BEGIN Data section

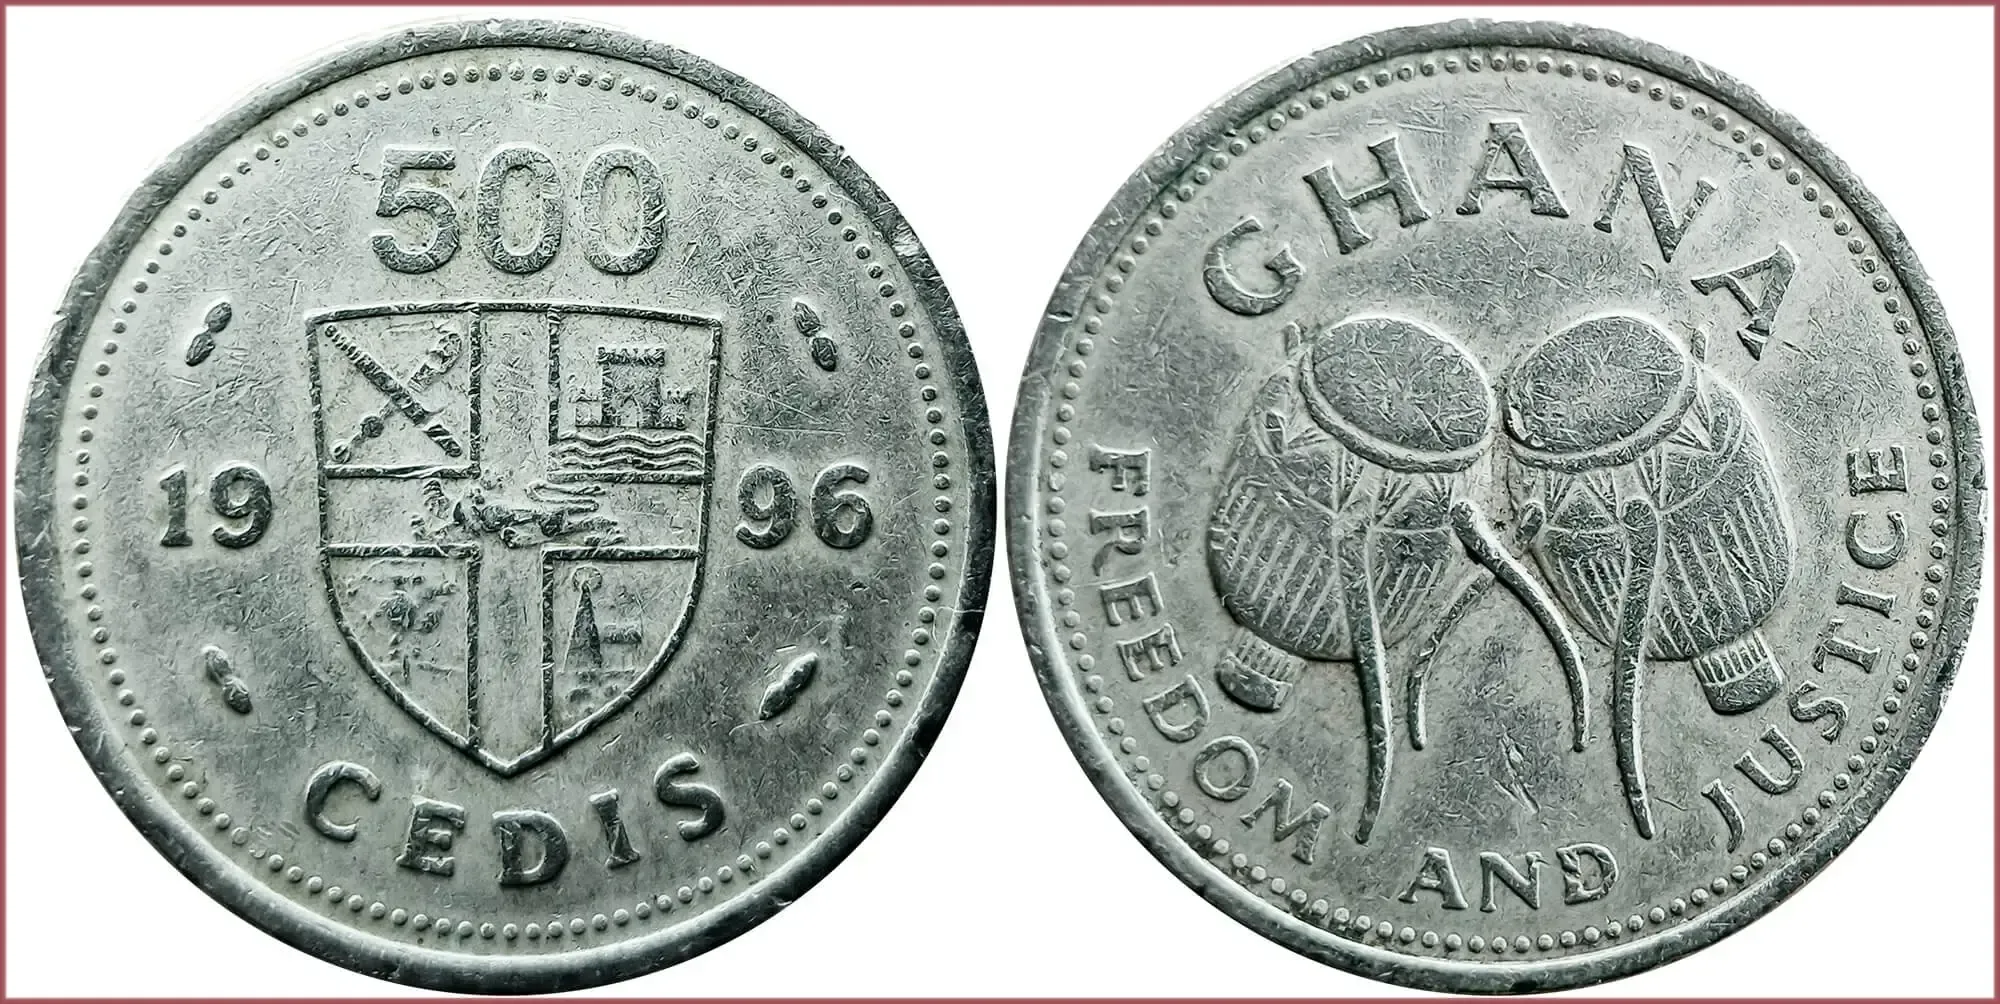 500 cedi, 1996: Republic of Ghana
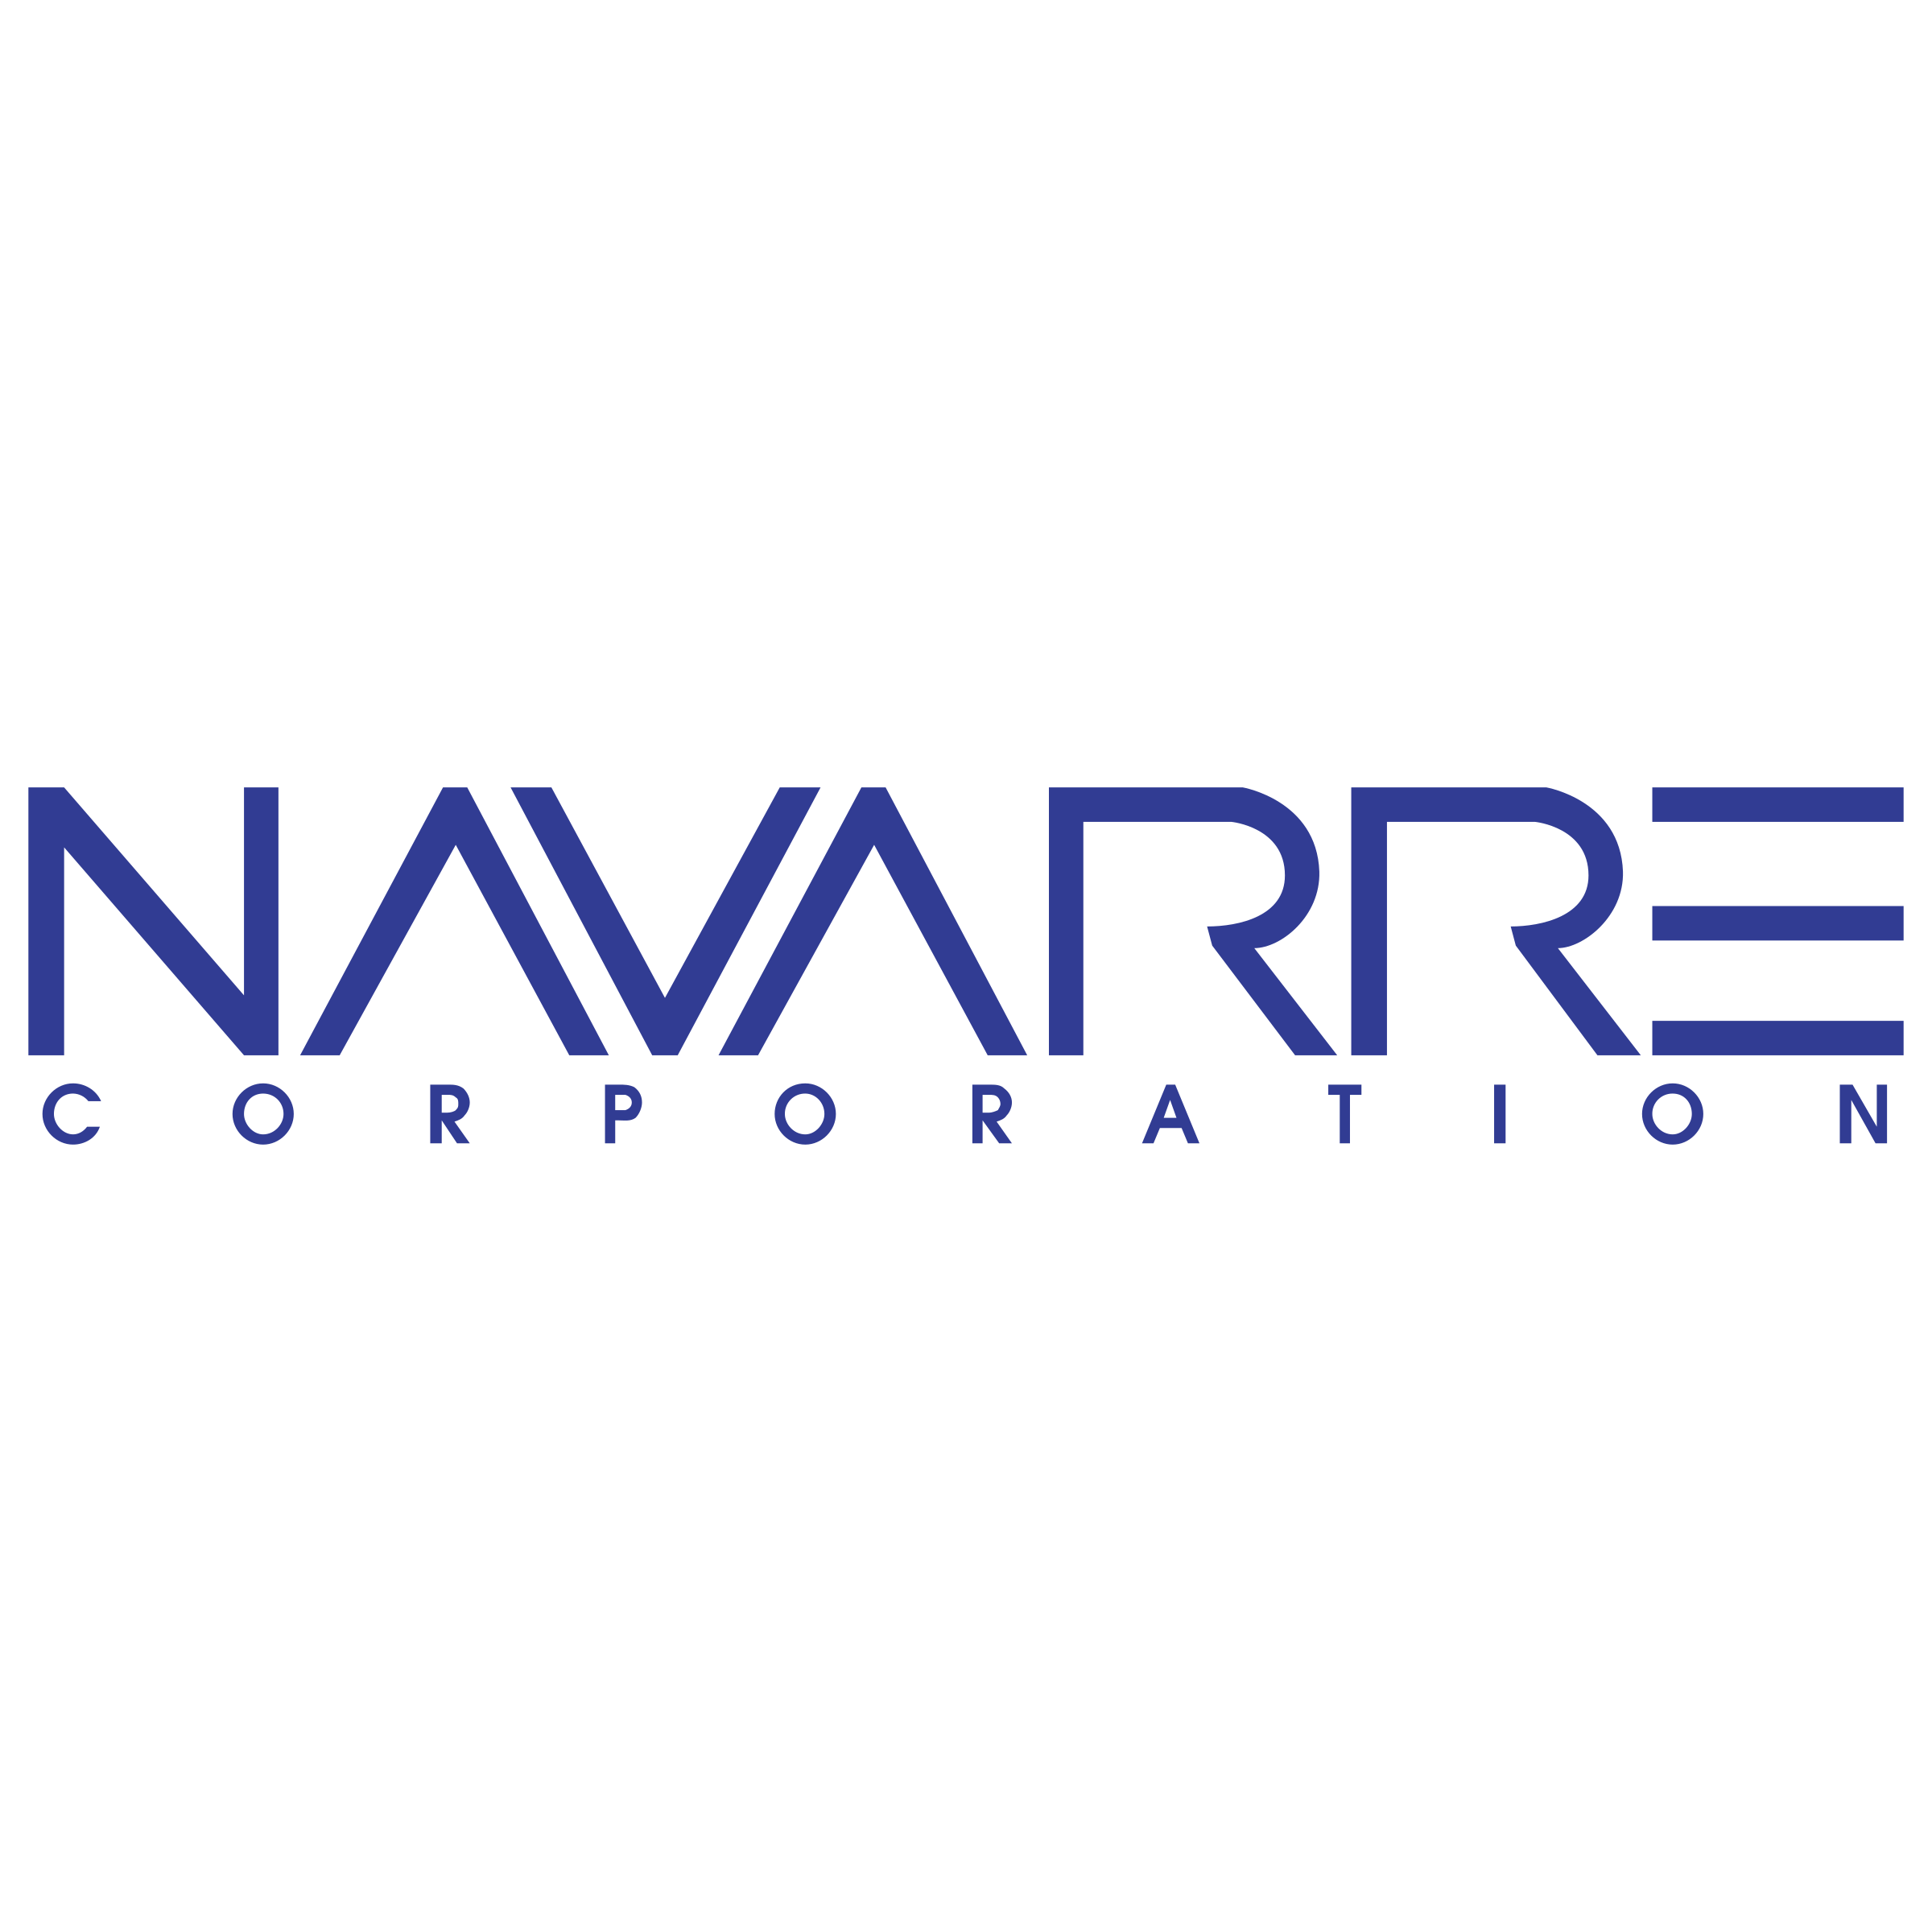 Navarre Logo - Navarre Logo PNG Transparent & SVG Vector - Freebie Supply
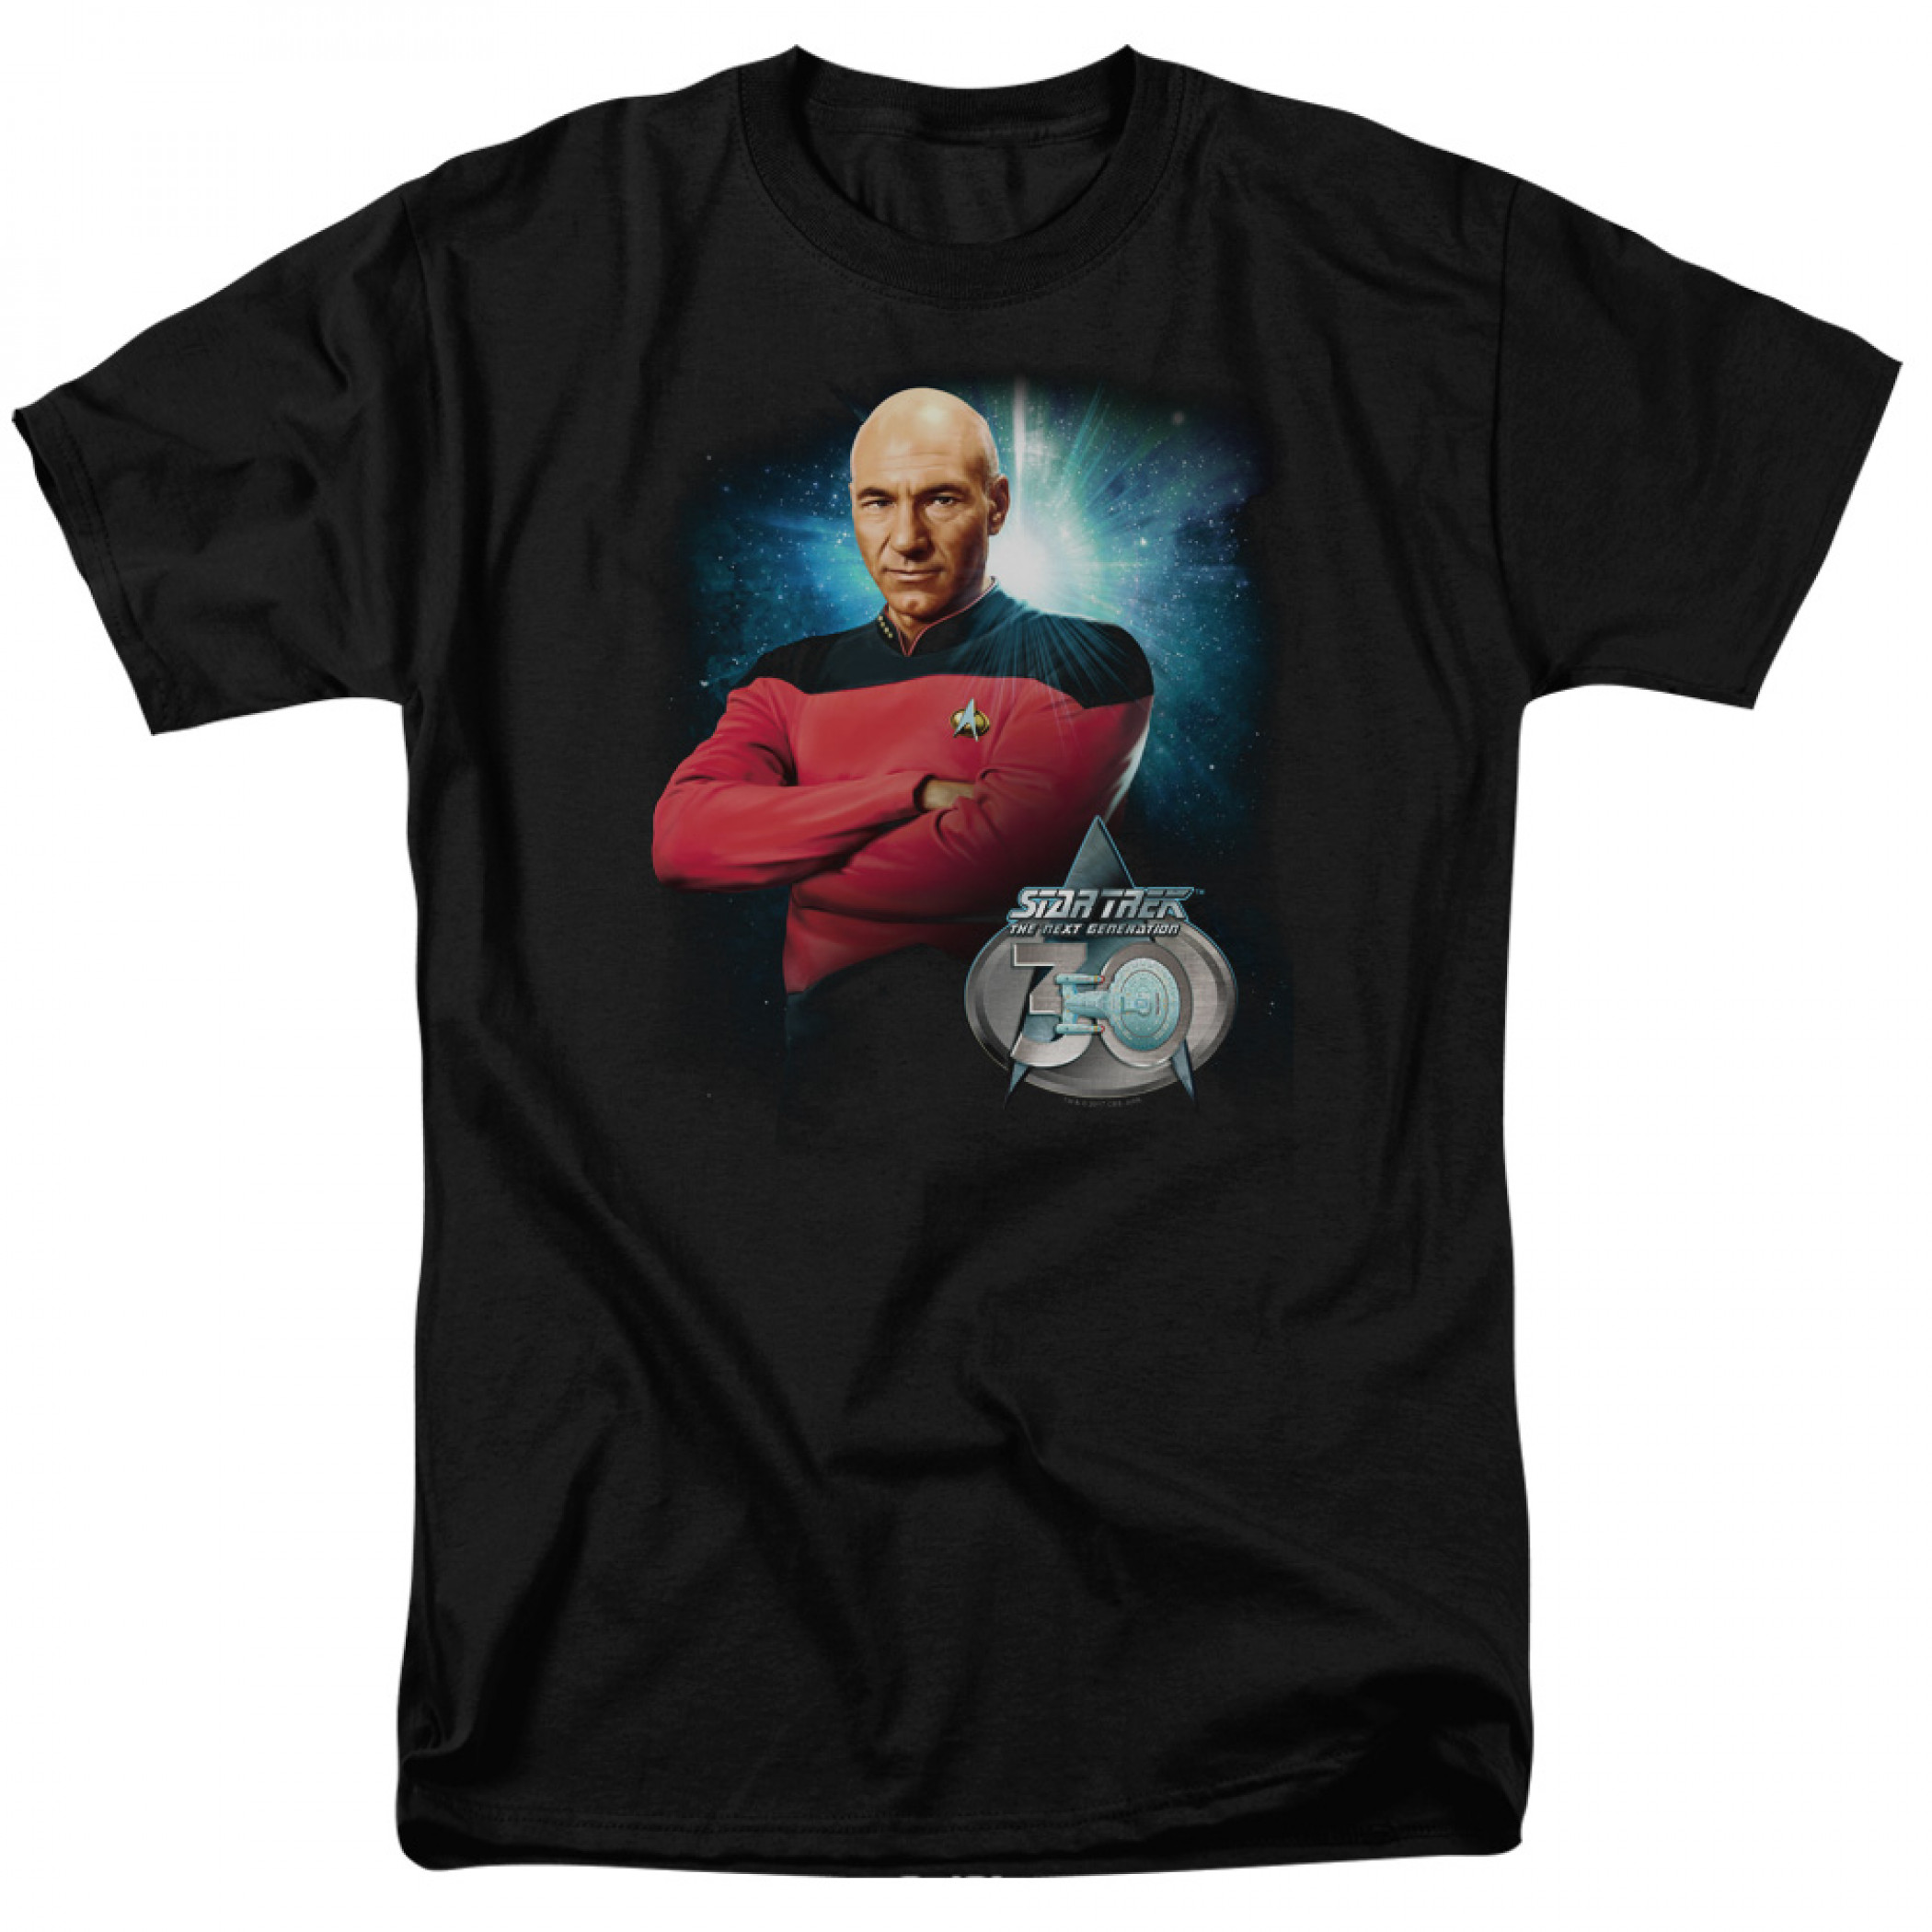 Star Trek Picard 30th Anniversary T-Shirt

END Data section

## What this task involves
In the data, the line that contains "Navarre Logo - Navarre" begins the part to write out; restate it and each line after it word for word through the end, with no pictures.

## Your response
 Navarre Logo - Navarre Logo PNG Transparent & SVG Vector - Freebie Supply
 Star Trek Picard 30th Anniversary T-Shirt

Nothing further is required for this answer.